CA: Our team is set up to comply with the constructor definition and we have every intention of remaining one. Now, looking at any competitive industry, you see collaborations and synergies between competitors because they provide benefits for the common cause. Looking at our sport, I am not sure that the show is worse because we are using a gearbox from Red Bull Technologies or an engine from Renault that is also used by other teams. Actually, most of the teams share the same suppliers already as we are operating in a highly specialised environment. What would be good is to allow the teams to enjoy a bit more of what some suppliers enjoy right now, and be able to share the development costs and manufacturing costs associated with parts that do not make a direct contribution to the show and do not contribute to performance. There are straightforward ways to police that in the Concorde Agreement, and the other interesting point of this is that it can be easily adjusted in time according to the economic situation of the sport and of the teams. Finally, it is a measure where everyone would be able to see some benefit - from the smaller teams who can reduce their operating spend, to the bigger teams who can see business opportunities.
Q: There have been issues with your new car, the CT03, particularly regarding the exhaust with some saying that it contravenes the regulations. Is that dispute now settled?
CA: It will all be settled when we get to Melbourne. The truth is testing is just what it says - testing. What we take to Melbourne will be what we will use for the first four races and we are working on-track and off-track to make sure we wont have any issues when we get to Australia.

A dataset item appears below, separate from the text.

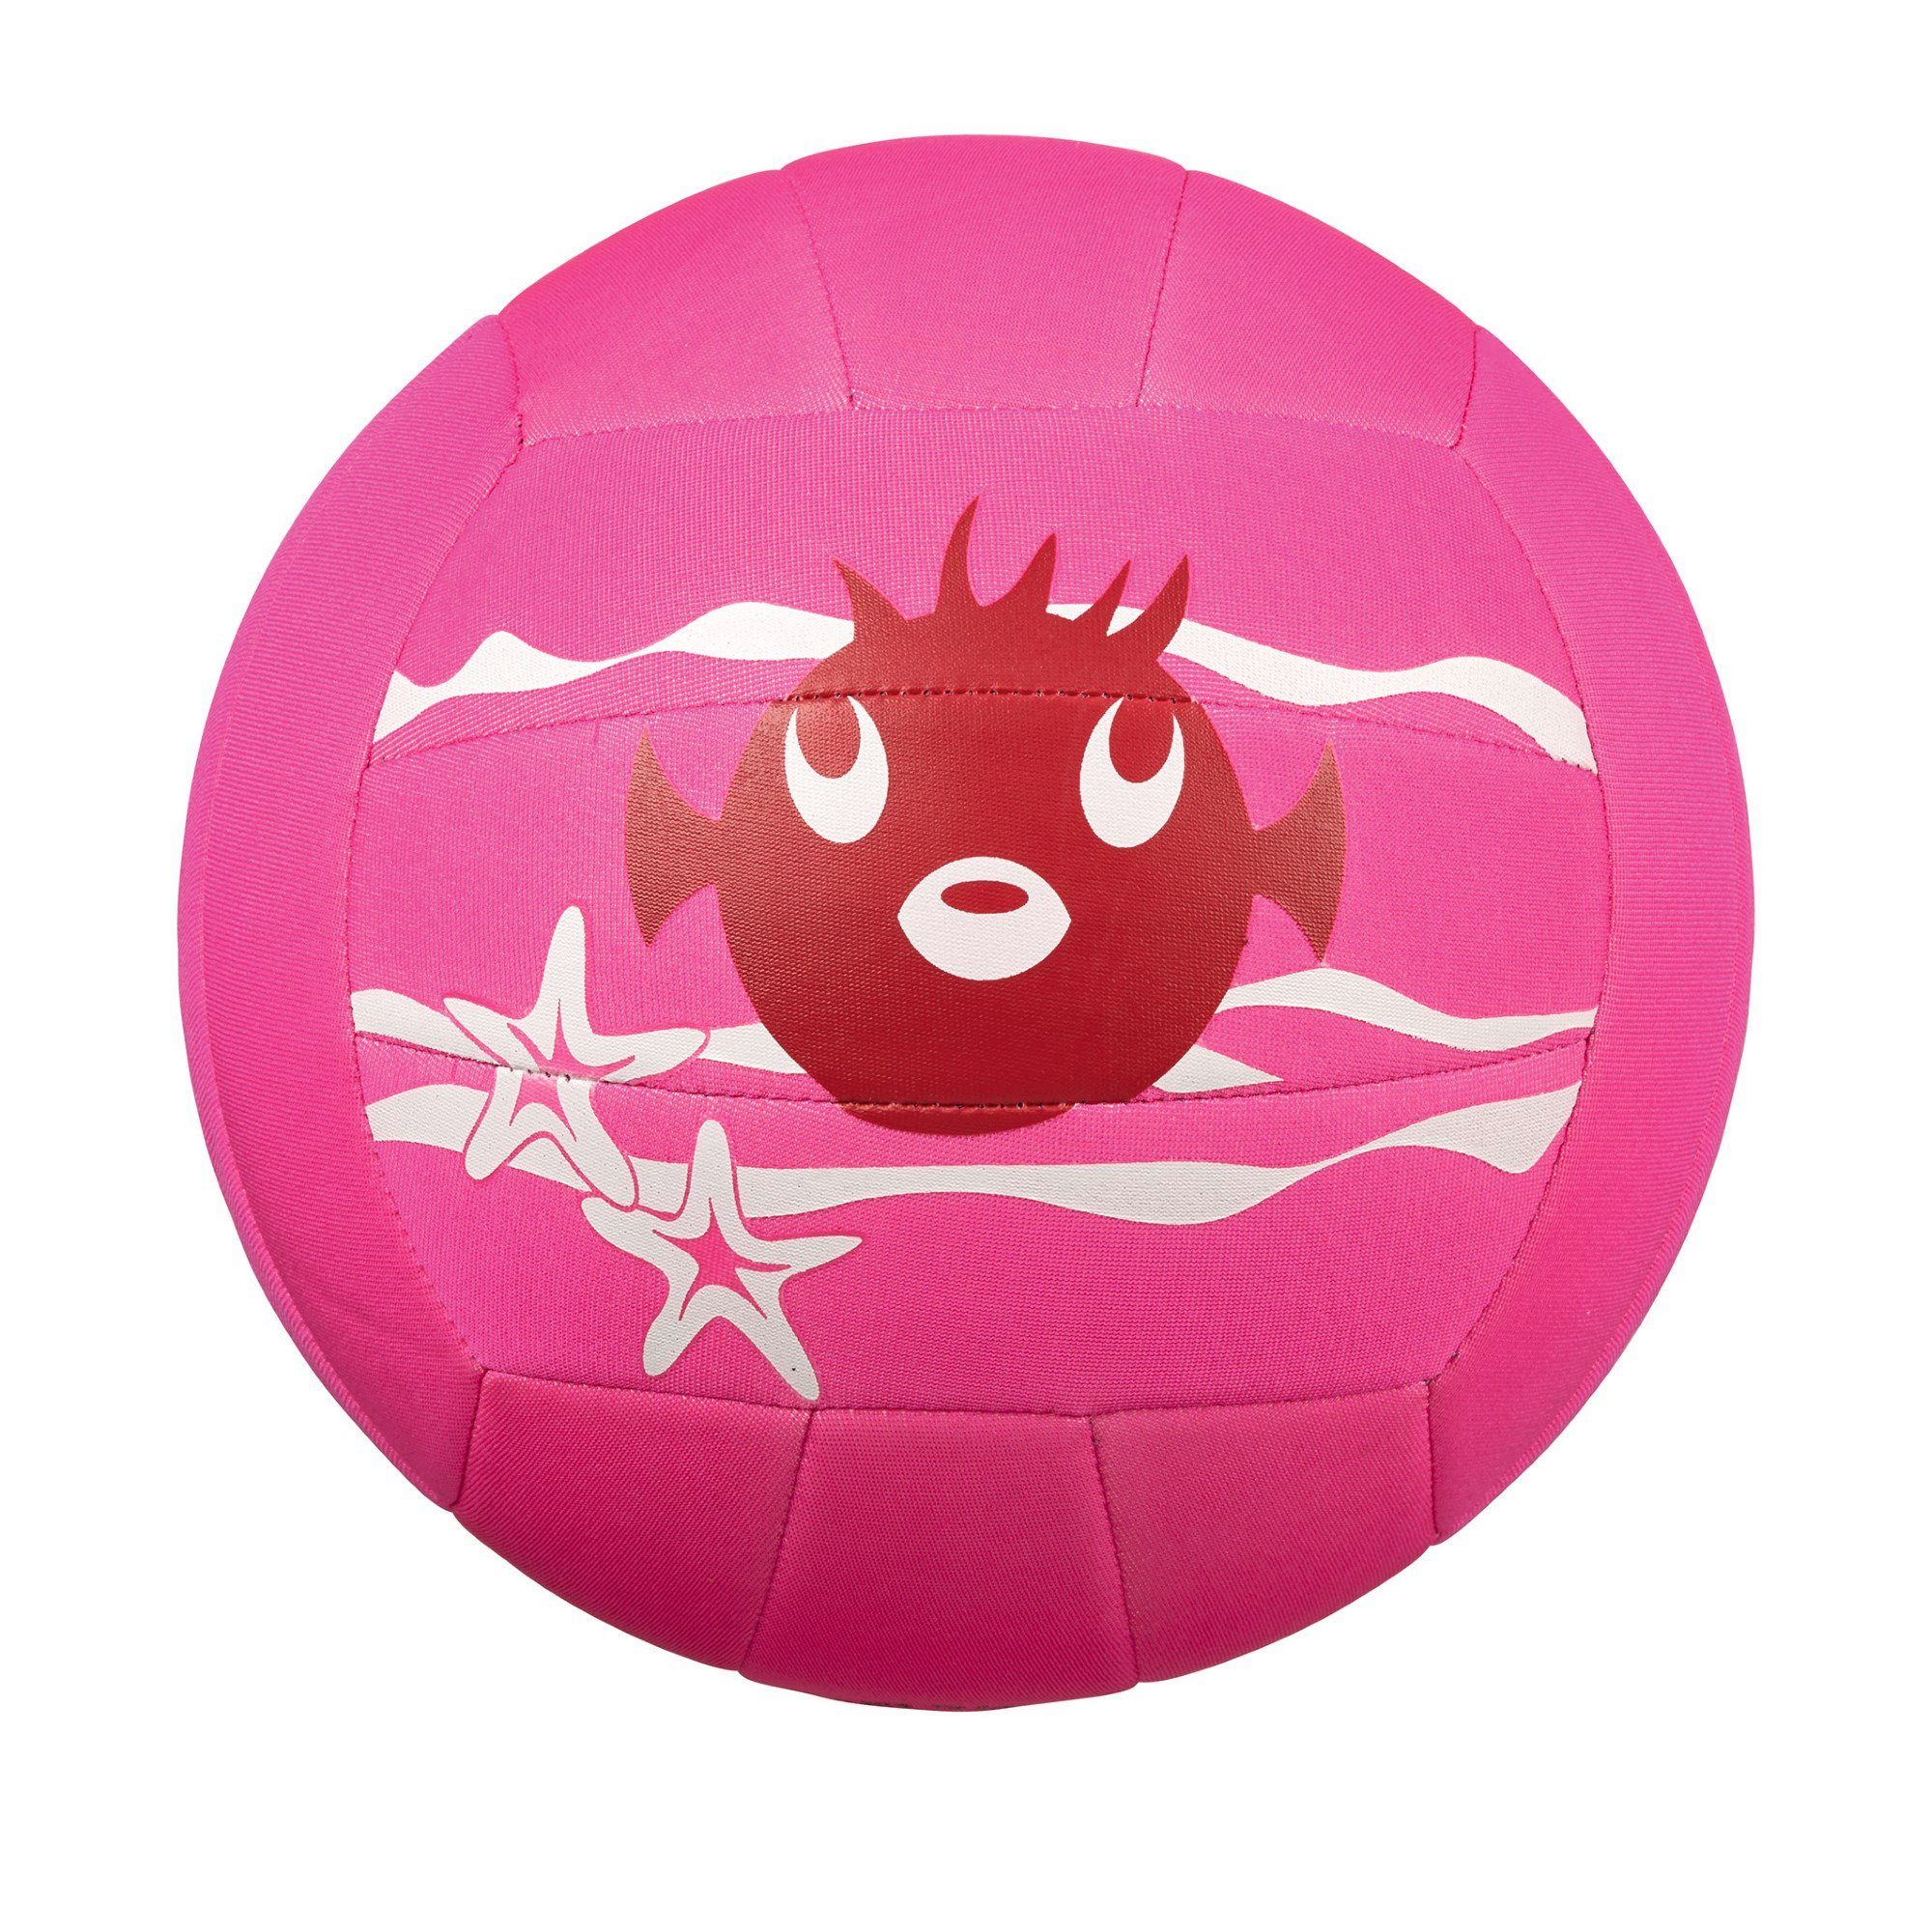 21cm Beermann Ball pink BECO Spielball Beco SEALIFE Neopren Beach

Q: What would be a good year for you?
CA: It may not sound very exciting, but the main target for this year is to make sure we now fully understand and control our development and manufacturing processes. Accurately predicting and measuring the level of performance we expect on track will mean that we have grown and become a reliable technical group. Obviously, an expression of that should be a clear trend of a reduction of the gap to the midfield over the course of the season, but I am keen to get this done with style and within reason, with one eye always on the longer-term plans.